Однажды за этим занятием нас застукал наряд милиции, состоящий из двух явно не московского происхождения сержантов. Поначалу сержанты отнеслись к нам подозрительно и, как следствие, немедленно потребовали предъявить документы. Егор документы предъявлять отказался, явно рассчитывая на продолжение спектакля, и не ошибся. Нас вежливо доставили в дежурную часть привокзальной милиции, и там у грязной стойки, отделявшей дежурного от остального помещения, большую часть которую занимал «обезъянник» ( клетка в которой временно содержались человекообразные существа без возраста и пола, собранные этой ночью на вокзале ), Егор, наконец смилостивился надо мной, и документы предъявил. В них значилось, что он ни много не мало экономический советник одного и вице-премьеров российского правительства. Далее произошло неожиданное: дискуссия, начатая нами в зале ожидания вспыхнула с новой силой. В ней принимали участи все: и милицейский дежурный, и доставивший нас наряд, и даже некоторые обитатели «обезъянника», которые могли в тот момент относительно внятно выражать свои мысли.
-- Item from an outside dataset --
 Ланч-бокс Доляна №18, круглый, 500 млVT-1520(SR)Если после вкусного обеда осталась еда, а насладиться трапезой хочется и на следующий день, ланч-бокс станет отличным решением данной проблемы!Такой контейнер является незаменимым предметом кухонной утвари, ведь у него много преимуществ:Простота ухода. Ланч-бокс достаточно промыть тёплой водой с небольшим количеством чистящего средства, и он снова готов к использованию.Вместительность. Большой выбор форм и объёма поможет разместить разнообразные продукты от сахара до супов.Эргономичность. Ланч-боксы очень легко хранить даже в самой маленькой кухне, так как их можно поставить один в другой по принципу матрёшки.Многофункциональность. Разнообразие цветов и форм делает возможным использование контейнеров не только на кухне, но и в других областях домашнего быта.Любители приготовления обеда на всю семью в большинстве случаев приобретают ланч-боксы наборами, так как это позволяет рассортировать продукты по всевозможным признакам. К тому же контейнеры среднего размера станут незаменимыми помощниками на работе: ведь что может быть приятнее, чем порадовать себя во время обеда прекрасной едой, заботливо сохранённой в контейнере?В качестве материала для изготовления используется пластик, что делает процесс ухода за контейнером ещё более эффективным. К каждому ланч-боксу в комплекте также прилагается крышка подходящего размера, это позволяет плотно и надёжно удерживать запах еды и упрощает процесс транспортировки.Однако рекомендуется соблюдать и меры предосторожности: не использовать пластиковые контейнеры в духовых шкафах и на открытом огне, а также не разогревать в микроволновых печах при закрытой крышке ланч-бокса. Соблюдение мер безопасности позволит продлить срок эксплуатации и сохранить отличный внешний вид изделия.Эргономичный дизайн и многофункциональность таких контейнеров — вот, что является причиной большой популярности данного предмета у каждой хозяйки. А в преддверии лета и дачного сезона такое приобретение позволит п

Потом мы пили водку, которой угощали нас политизированные милиционеры, и закусывали горячими сосками, доставленными в дежурную часть из ближайшего ларька на перроне.
Сосиски были разложены на газете, и откусив, их следовало по очереди, макать в пластиковый стаканчик, в который щедрая рука хозяйки ( или хозяина ) ларька плеснула густой ярко красной, обжигающей жидкости, отдаленно напоминающей кетчуп.
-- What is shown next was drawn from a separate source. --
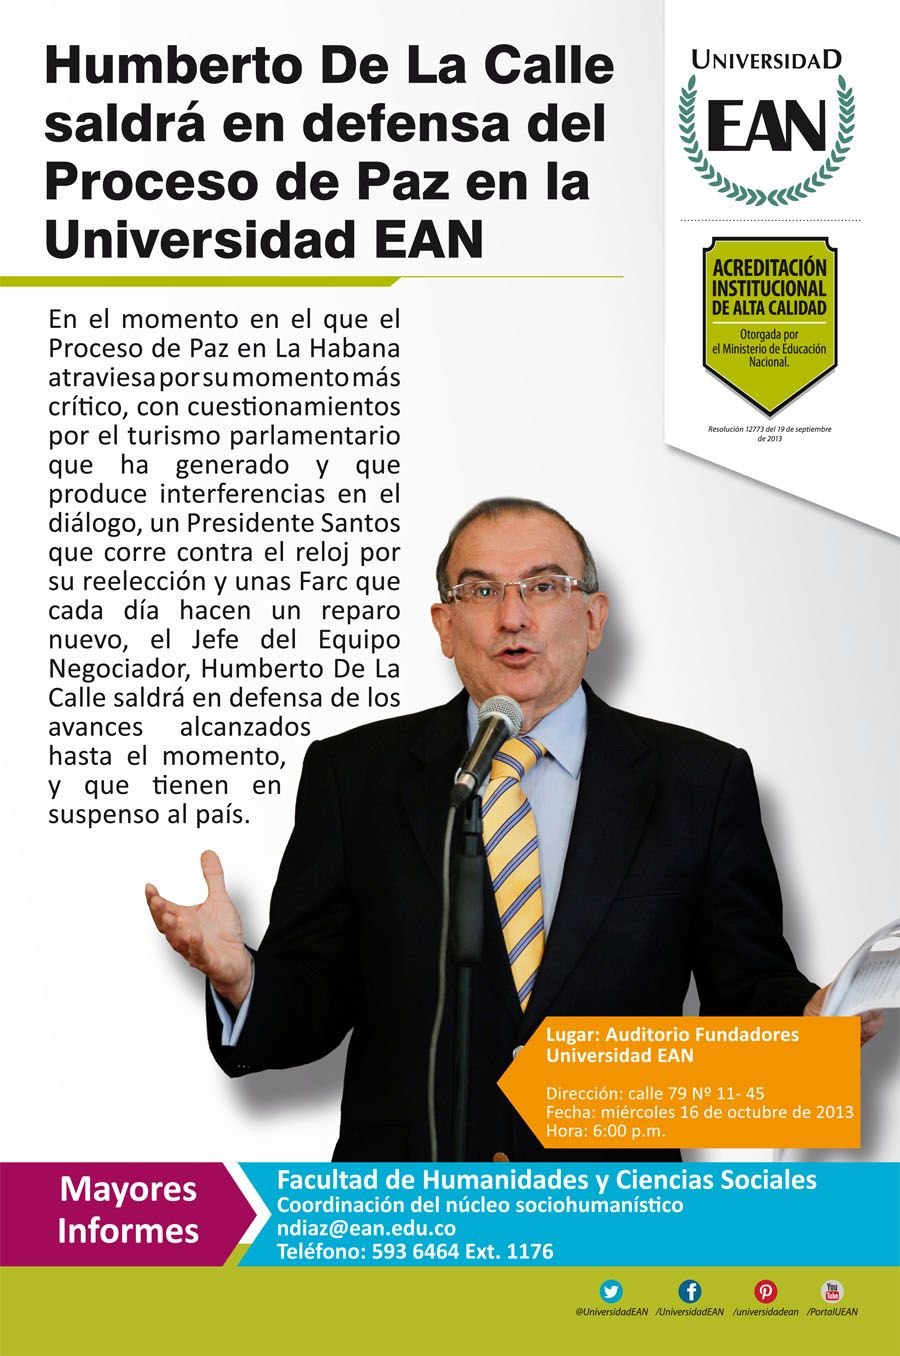 #PlanEAN: Humberto de la Calle en defensa del Proceso de Paz en la Universidad de los Emprendedores 6:00 p.m

Вокзал мы покинули, когда над Москвой уже разрумянился веселый прохладный рассвет, честно обменявшись с милиционерами телефонами. На всякий случай.
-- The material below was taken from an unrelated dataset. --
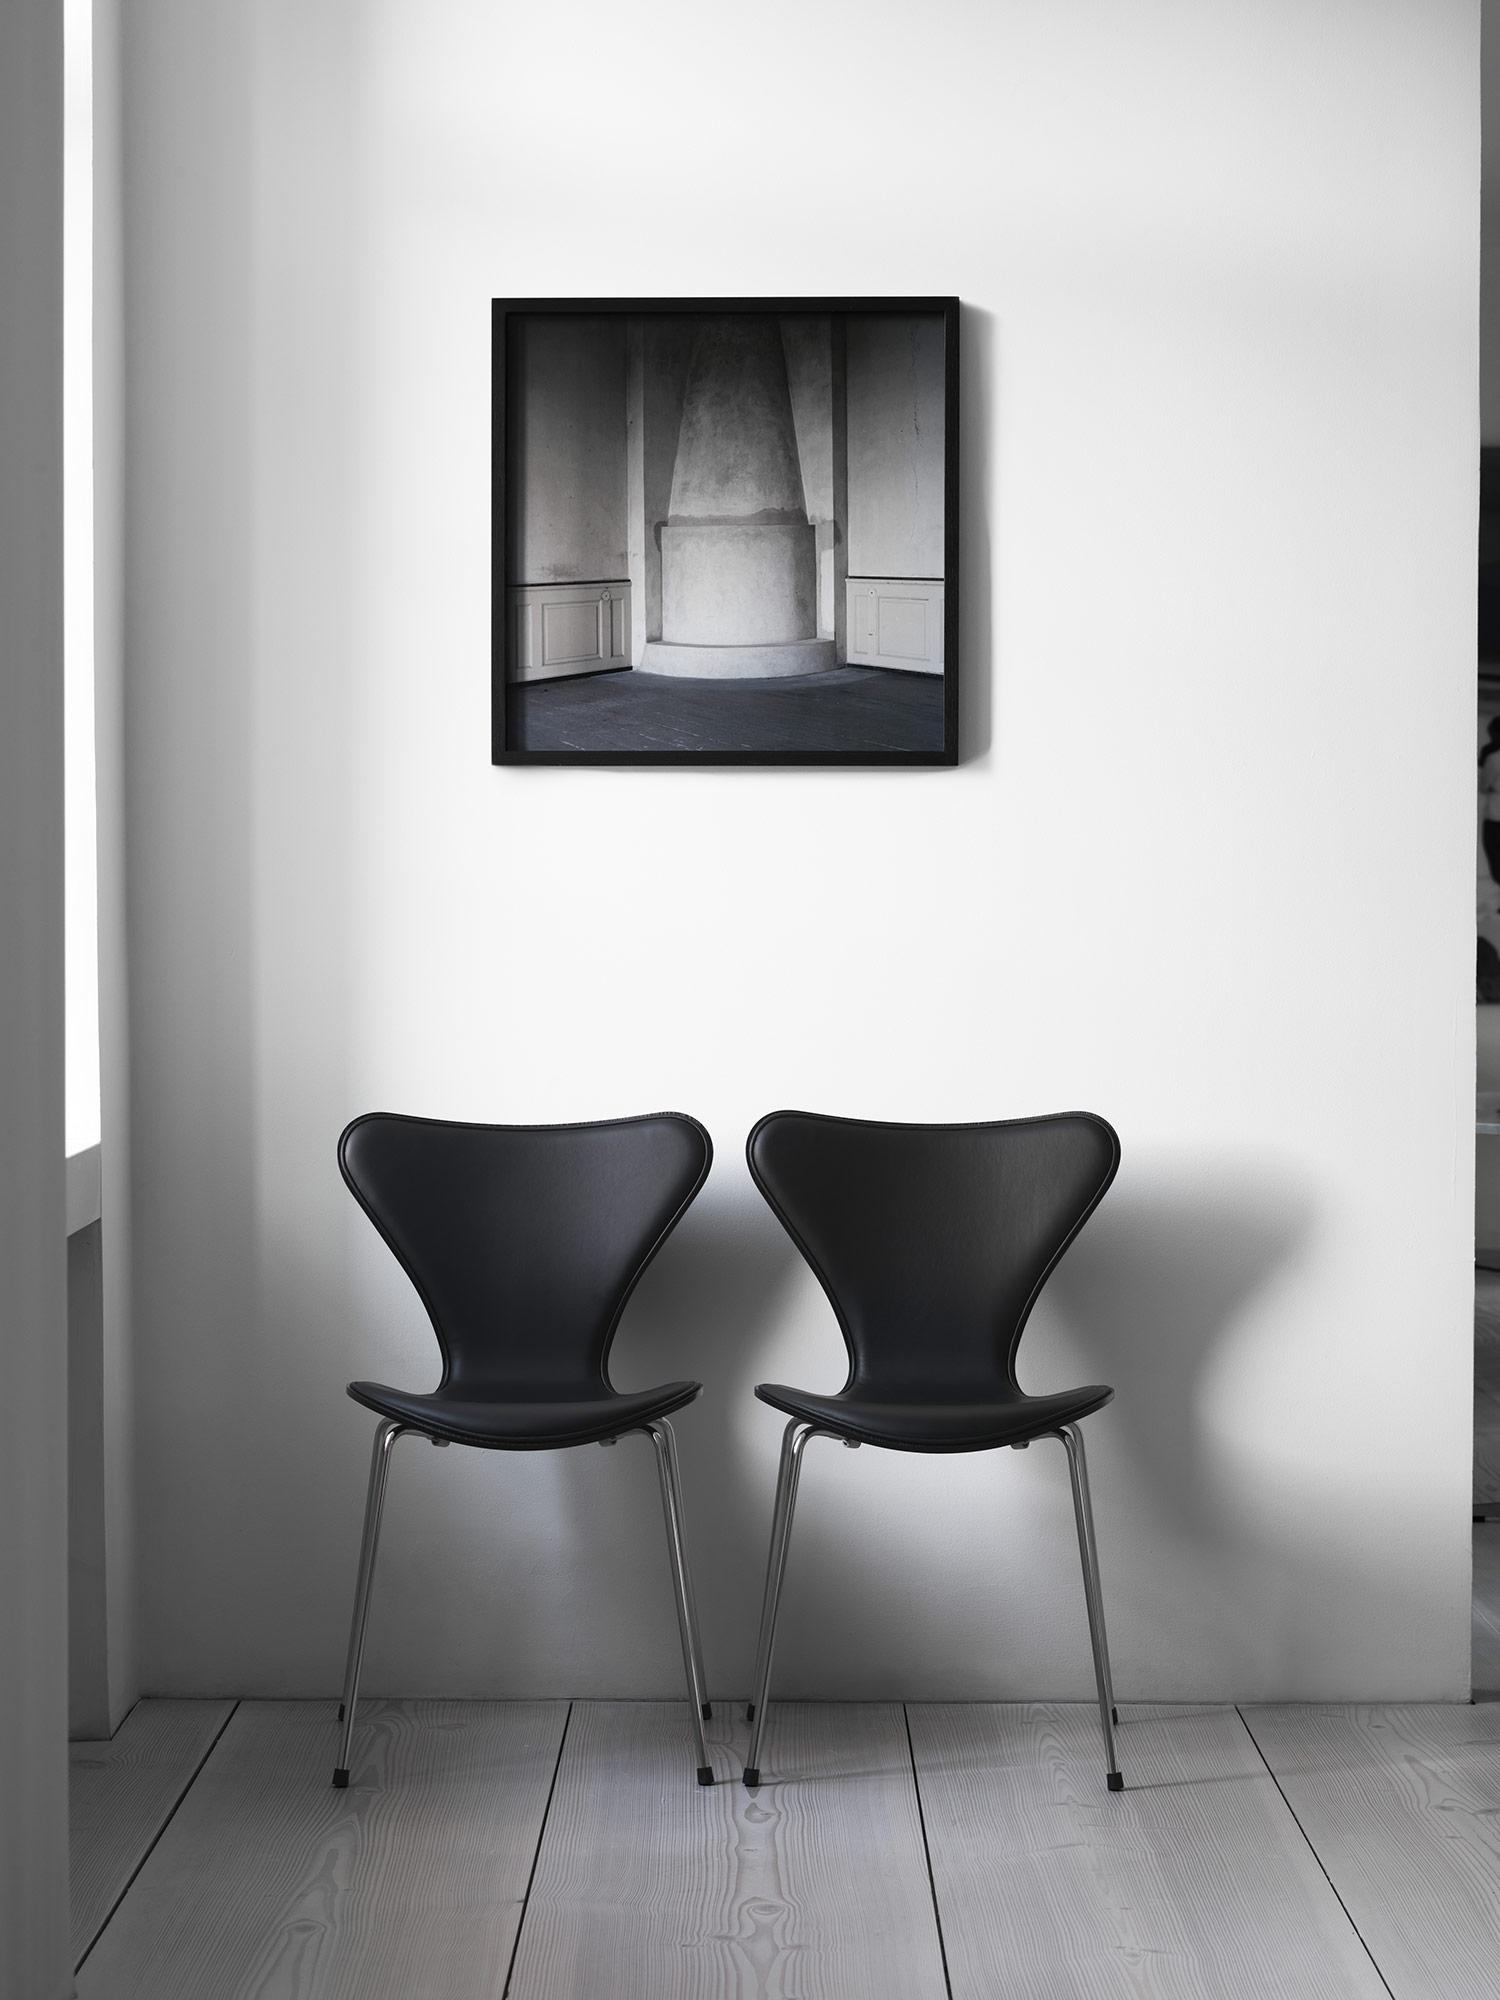 3107 syveren med forsidepolstring i l der k b den her. Black Bedroom Furniture Sets. Home Design Ideas

Наряженная охрана мрачно ожидала у нас возле глянцевого черного лимузина, одинокого на желтом фоне мятых, как консервные банки, такси.
— Если сегодня мы с тобой умрем от пищевого отравления, будет довольно сложно определить что стало его причиной: устрицы в « Театро» или сосиски на вокзале, — заметила я, оскверняя благоухающие недра благородной машины запахом дешевой водки и вокзальных сосисок — Разумеется, устрицы. В этом у меня нет никаких сомнений — немедленно отозвался Егор, и привлекая меня к себе, горячо дохнул в лицо резким духом кетчупа.
В наших предрассветных визитах на вокзалы, не было ничего уничижительного для людей, коротающих там нелегкую пассажирскую или вовсе бездомную долю. Мы ехали не вокзал не развлекаться чужим убожеством, и уж тем более, не издеваться над ним. Нет! В те минуты, нам было действительно интересно, что думают разные люди, а не только те, что отплясывали с нами на сияющих площадках ночных клубов.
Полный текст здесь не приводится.